Hadoop User Group Meetup Talk
Last night I did a presentation at the April Hadoop Bay Area User Group meetup, hosted by Yahoo. 250+ people in attendance, so the interest in Hadoop continues to grow.
My talk was on the status of the Public Terabyte Dataset (PTD) project, and advice on running jobs in Amazon’s Elastic MapReduce (EMR) cloud. As part of the PTD architecture, we wound up using Amazon’s SimpleDB for storing the crawl DB, thus one section of my talk was on what we learned about using that to efficiently and inexpensively save persistent data (crawl state) while still using EMR for bursty processing. I’d previously blogged about our SimpleDB tap & scheme for Cascading, and our use of it for PTD has helped shake out some bugs.
As well, we decided to use Apache Avro for our output format. This meant creating a Cascading scheme, which would have been pretty painful but for the fortuitous, just-in-time release of Hadoop mapreduce support code in the Avro project (thanks to Doug & Scott for that). Vivek mentioned this new project in his recent blog post about our first release of PTD data, and we’re looking forward to others using this to read/write Avro files.

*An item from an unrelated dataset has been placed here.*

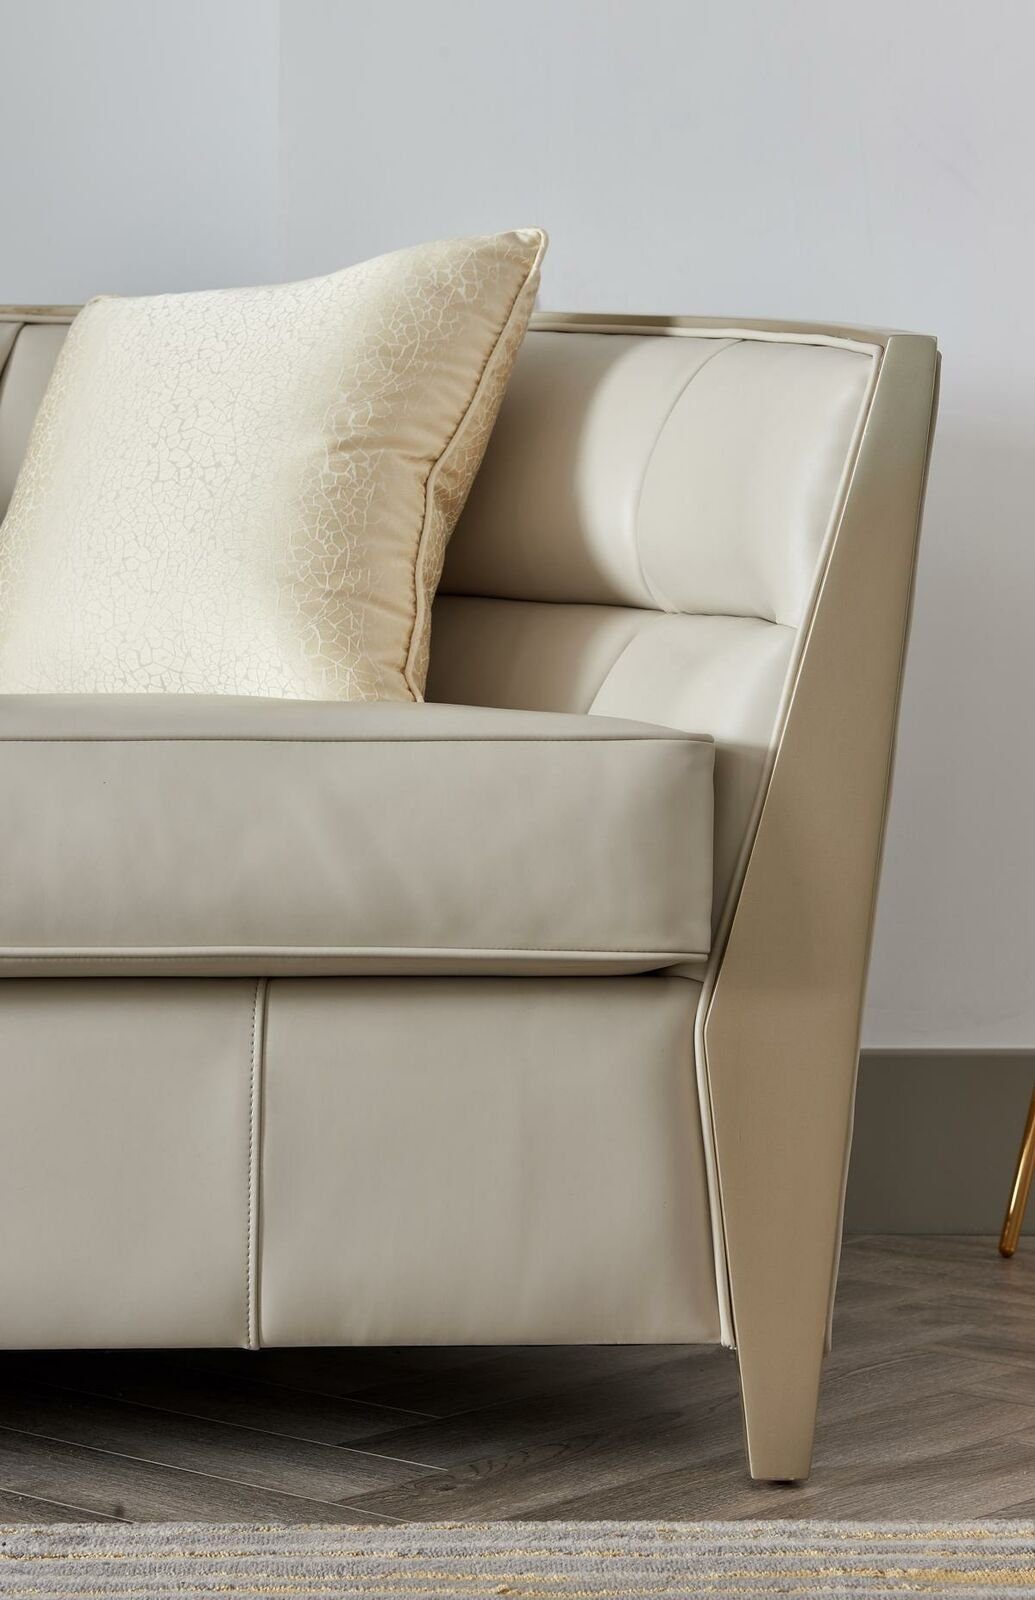 JVmoebel Sofa Sofagarnitur 4+1 Sitzer Luxus Wohnzimmer Polstermöbel, Made in Europe

The real-world use case I described in my talk was analyzing the quality of the Tika charset detection, using HTML data from our initial crawl dataset. The results showed plenty of room for improvement
The real point of this use case wasn’t to point out problems with Tika, but rather to demonstrate how easy it is to use the dataset to perform this type of analysis. Which means it’s also easy to compare alternative algorithms, and improve the Tika support with a large enough dataset to inspire confidence in the end results.
As an aside, Ted Dunning might be using this data & Mahout to train a better charset and/or langauge classifier, which would be a really nice addition to the Tika project. The same thing could obviously be done for language detection, which currently also suffers from similar accuracy issues, as well as being a CPU cycle hog.